Exercise: Give back only the lines in the records below from the one with "Legging 7/8 para mujer Nike One" to the one with "標準装備されているレインカバ", both inclusive, word for word.

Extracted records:
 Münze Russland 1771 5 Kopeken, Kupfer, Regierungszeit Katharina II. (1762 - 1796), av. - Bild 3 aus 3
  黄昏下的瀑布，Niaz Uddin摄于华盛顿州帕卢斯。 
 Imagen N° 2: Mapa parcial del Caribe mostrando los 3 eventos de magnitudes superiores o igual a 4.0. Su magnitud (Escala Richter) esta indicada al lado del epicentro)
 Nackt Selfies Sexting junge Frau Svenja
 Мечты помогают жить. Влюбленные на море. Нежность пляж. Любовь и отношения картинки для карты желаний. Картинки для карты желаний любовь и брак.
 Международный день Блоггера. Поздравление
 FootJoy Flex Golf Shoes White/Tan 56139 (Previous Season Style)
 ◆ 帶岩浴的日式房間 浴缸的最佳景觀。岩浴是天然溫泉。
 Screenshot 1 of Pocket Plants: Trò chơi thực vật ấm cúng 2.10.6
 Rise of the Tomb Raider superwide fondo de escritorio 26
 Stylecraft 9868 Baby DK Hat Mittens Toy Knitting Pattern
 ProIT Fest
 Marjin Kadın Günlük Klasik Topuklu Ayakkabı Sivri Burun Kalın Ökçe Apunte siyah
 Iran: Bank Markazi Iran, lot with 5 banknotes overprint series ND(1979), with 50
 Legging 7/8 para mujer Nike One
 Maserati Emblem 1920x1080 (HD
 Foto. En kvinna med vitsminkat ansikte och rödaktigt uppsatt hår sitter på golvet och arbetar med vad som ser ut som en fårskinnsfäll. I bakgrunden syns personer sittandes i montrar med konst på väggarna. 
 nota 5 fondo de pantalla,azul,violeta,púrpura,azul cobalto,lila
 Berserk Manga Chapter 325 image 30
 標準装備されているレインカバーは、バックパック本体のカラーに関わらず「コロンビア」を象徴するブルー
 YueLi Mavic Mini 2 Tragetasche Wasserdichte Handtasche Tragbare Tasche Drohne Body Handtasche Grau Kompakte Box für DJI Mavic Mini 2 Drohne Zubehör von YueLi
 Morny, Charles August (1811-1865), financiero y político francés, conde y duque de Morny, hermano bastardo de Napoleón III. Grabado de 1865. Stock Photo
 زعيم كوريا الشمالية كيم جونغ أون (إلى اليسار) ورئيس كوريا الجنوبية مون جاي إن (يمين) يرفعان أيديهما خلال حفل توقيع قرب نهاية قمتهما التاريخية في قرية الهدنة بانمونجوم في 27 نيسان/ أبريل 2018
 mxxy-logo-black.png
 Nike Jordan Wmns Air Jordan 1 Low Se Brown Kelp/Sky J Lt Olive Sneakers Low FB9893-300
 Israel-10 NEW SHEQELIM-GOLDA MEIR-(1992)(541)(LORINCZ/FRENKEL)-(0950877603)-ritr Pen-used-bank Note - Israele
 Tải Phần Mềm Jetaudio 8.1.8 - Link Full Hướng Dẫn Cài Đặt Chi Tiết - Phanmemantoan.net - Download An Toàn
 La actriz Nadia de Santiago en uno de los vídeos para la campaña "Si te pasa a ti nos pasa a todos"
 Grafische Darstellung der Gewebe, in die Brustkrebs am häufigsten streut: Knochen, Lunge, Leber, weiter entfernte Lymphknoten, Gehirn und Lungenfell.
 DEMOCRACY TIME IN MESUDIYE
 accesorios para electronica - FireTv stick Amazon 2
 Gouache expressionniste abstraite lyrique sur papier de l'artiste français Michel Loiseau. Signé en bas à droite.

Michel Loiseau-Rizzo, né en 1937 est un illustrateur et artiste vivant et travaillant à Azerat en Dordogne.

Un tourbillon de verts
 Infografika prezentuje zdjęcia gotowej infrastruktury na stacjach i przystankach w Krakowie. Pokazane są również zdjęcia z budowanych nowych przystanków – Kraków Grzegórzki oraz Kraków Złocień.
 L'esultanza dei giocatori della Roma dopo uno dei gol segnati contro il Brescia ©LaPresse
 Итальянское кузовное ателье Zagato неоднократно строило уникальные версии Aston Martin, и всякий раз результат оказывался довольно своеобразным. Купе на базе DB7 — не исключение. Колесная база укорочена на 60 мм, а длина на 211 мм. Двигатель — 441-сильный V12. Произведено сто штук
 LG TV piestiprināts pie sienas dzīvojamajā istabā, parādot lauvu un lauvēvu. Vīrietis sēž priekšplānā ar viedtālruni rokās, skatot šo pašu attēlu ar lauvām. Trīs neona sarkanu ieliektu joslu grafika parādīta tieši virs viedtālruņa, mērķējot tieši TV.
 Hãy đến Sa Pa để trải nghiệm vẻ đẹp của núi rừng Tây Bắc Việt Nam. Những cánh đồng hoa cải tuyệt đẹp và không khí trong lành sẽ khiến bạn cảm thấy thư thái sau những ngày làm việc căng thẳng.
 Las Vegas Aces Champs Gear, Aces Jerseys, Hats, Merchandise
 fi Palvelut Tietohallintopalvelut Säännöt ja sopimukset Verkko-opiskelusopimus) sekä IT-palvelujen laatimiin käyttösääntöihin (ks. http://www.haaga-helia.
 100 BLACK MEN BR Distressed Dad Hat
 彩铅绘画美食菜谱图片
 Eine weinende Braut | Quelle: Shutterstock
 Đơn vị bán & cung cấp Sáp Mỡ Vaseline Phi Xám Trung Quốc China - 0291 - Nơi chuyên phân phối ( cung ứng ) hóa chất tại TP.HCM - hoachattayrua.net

Answer to the exercise:
 Legging 7/8 para mujer Nike One
 Maserati Emblem 1920x1080 (HD
 Foto. En kvinna med vitsminkat ansikte och rödaktigt uppsatt hår sitter på golvet och arbetar med vad som ser ut som en fårskinnsfäll. I bakgrunden syns personer sittandes i montrar med konst på väggarna. 
 nota 5 fondo de pantalla,azul,violeta,púrpura,azul cobalto,lila
 Berserk Manga Chapter 325 image 30
 標準装備されているレインカバーは、バックパック本体のカラーに関わらず「コロンビア」を象徴するブルー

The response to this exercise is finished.